From Maryland to Virginia, Filipino-Americans celebrated the feast of the Santo Nino – the image of the Infant Jesus.

The Aklan Ati-Atihan of Virginia (AAAV) got a head-start marking the feast on Jan. 8 at the Chesapeake Conference Center in the Hampton Roads region of Virginia. It was also an occasion to swear in the group’s new executives, led by incoming president Joy Asban who will serve from 2011 to 2013.

The Ati-Atihan commemorates the Panay (one of the major islands in the Central Philippines) barter in the 13th century.

Malay datus from Borneo established a settlement in Panay with the consent of the Ati’s, the indigenous Negrito community.

When Spanish conquistadors arrived in the area, they replaced the pagan rituals with Christian meaning, assigning the image of the Infant Jesus as the natives’ patron – transforming it as a religious festival.

The highlight of the festival is a parade dictated by the cadence of rhythmic drums, participants divided into “tribes” and carrying different images of the Santo Nino. Dancers are covered in soot to mimic the Ati’s appearance.

Variations have emerged over the years, prompting organizers to schedule the events – the Ati-Atihan goes first in Kalibo, Aklan, followed by the Sinulog festival in Cebu and the Dinagyang in Iloilo.

The festivals were developed into a year-long mardi gras tourist attraction; though less religiously inclined the Binirayan festival in Antique held in April and the week-long MassKara festival held in October draws heavily on the influence of the Ati-Atihan.

In Maryland, the Mother Butler’s Guild of St. Mary marked the 11th Fiesta ng Santo Nino on Jan. 16 at the St. Mary’s Church in Rockville. The 2:00 PM mass was capped by an early evening dinner dance.
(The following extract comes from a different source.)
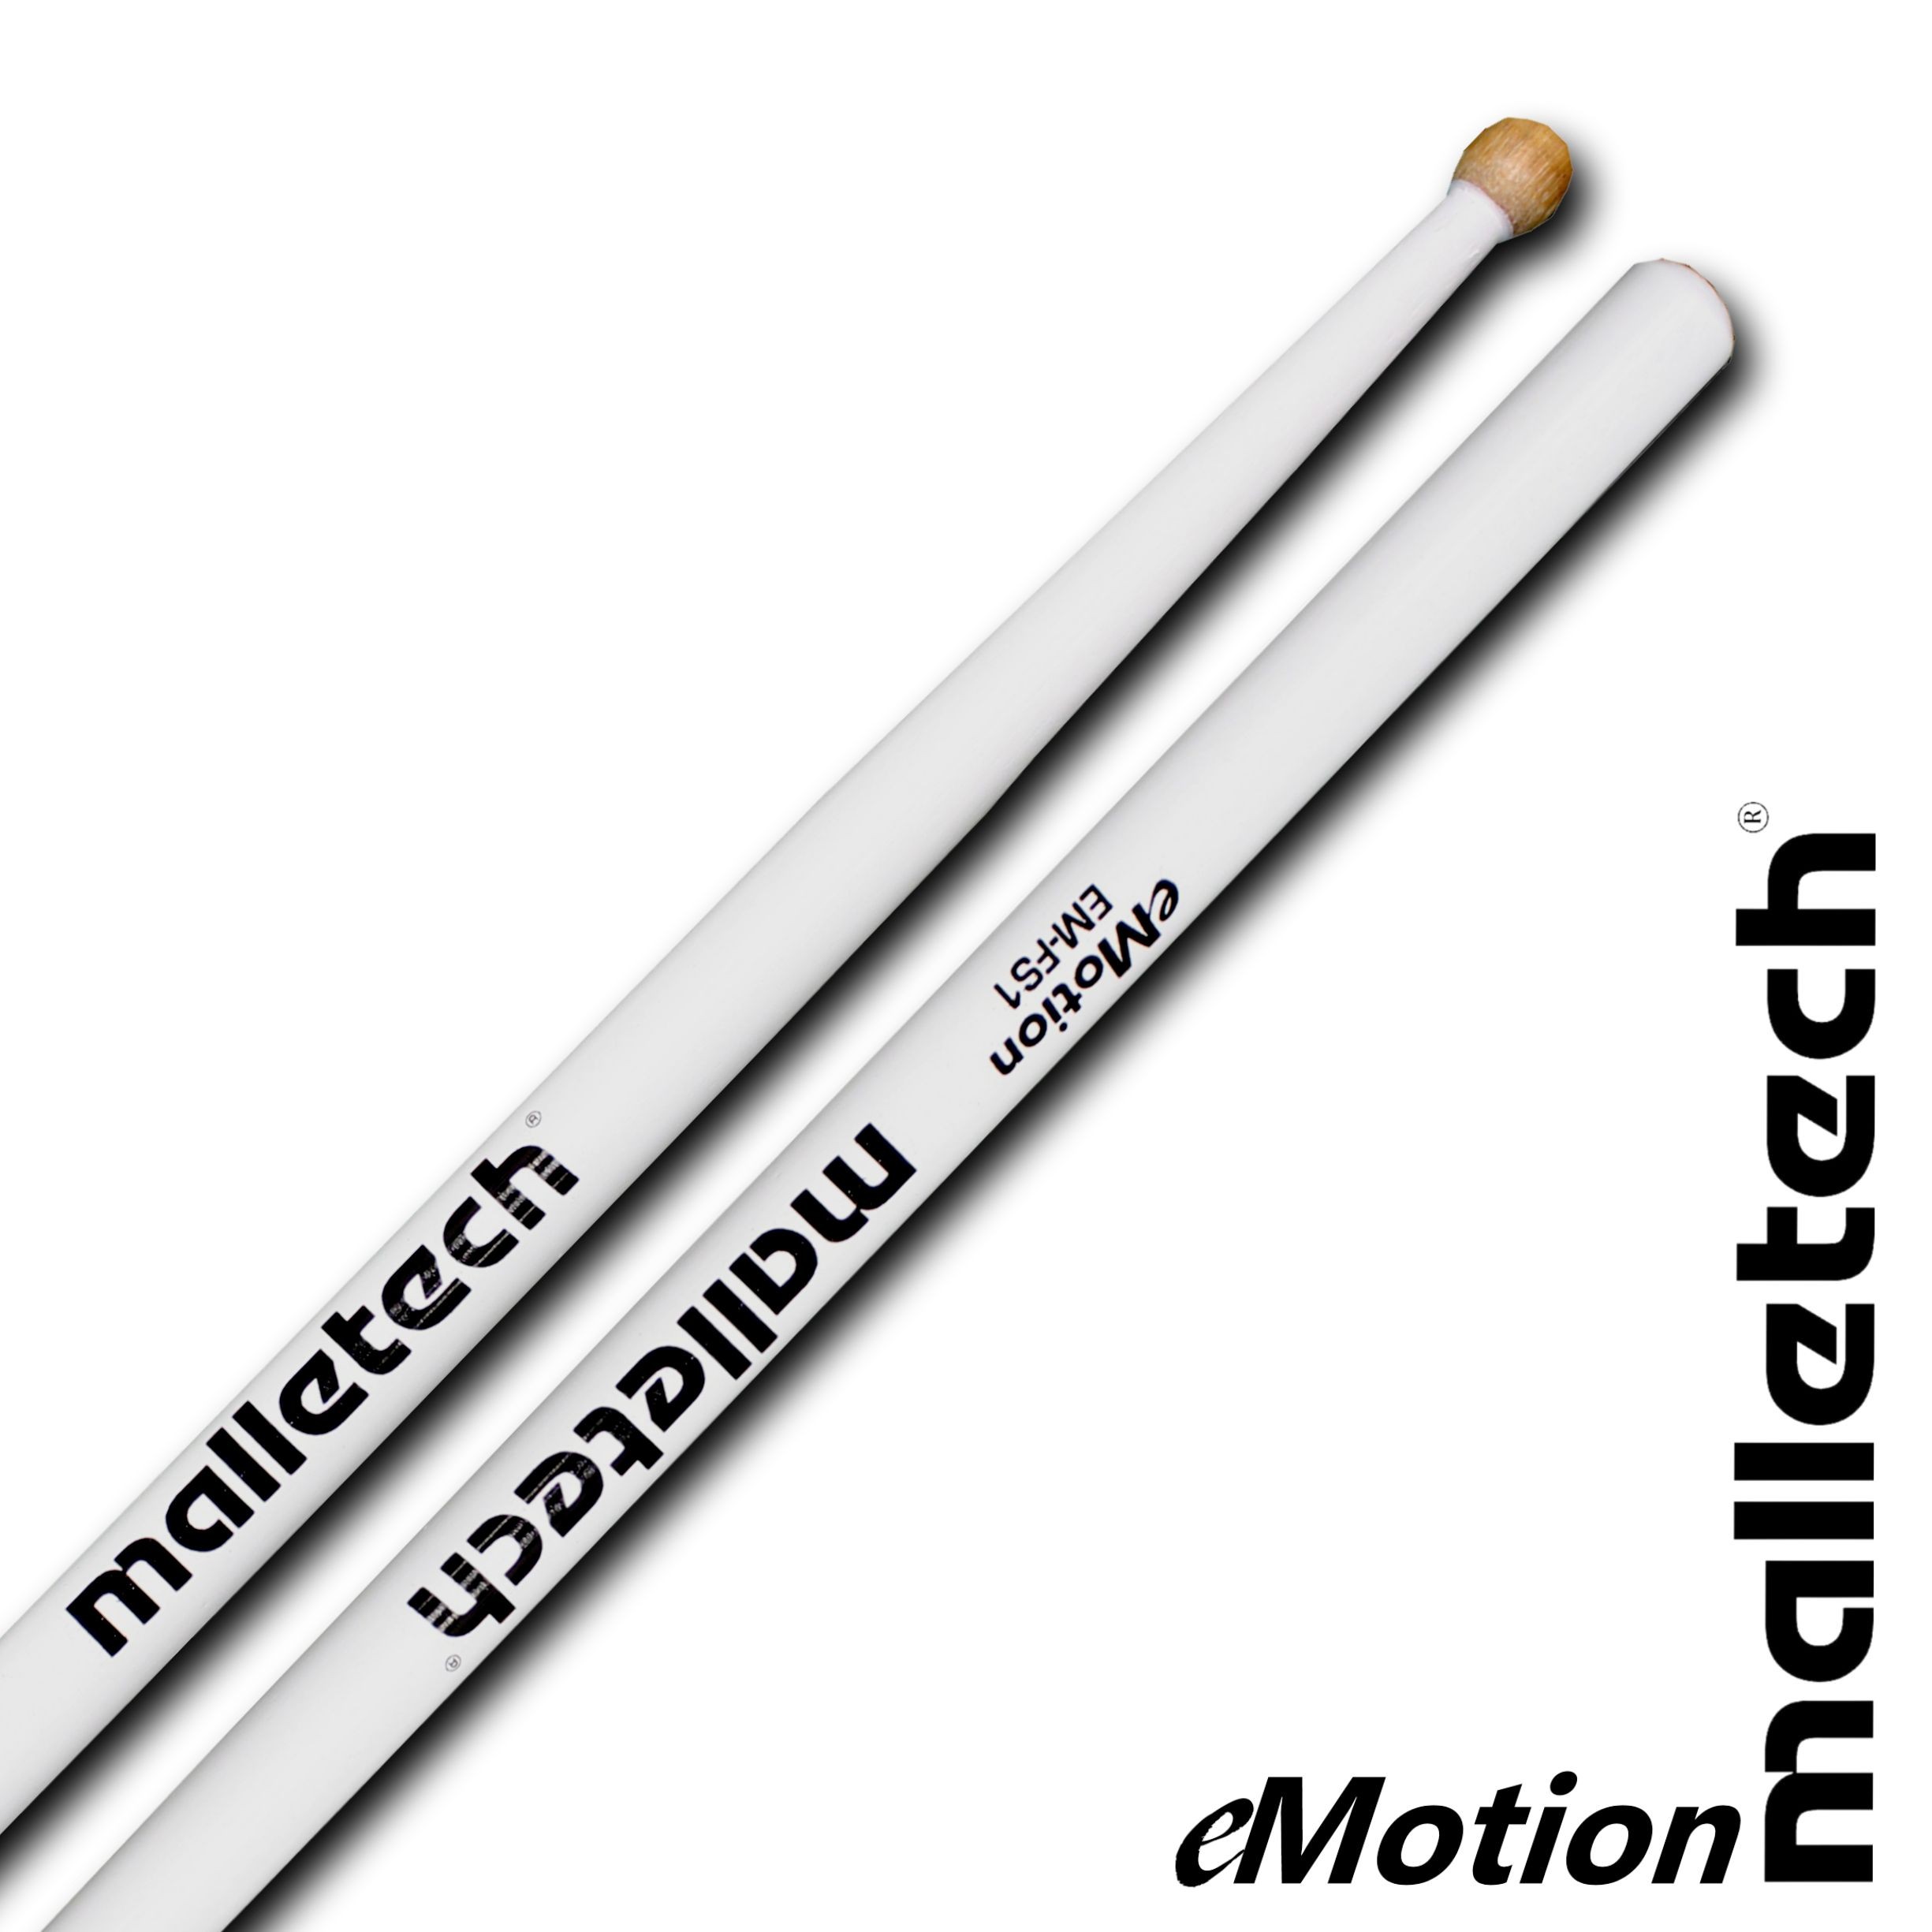 Malletech EM-FS1 eMotion Field Snare Drum Sticks

The Lord is my Shepherd Charismatic Group held a Filipino mass in honor of the Santo Nino at the Christ the King Church in Silver Spring, MD.

The feast fell on the regular 3rd Sunday Filipino mass at St. Michael’s Church in Silver Spring on Jan. 16. The mass was officiated by Msgr. Mariano Balbago Jr.

This too was followed by a dinner dance held partly in honor of January birthday celebrants.

The celebration was organized by the Fil-Am Ministry of St. Michael and the Migrant Heritage Commission, and featured the Cebu Sinulog Dancers of Metro DC as well as the Ati-Atihan of Maryland.

Through the years, the Ati-Atihan has become a distinguishing facet of the Fil-Am community in the Metro DC region, keeping a presence in some major American events like the 4th of July parade in Washington DC.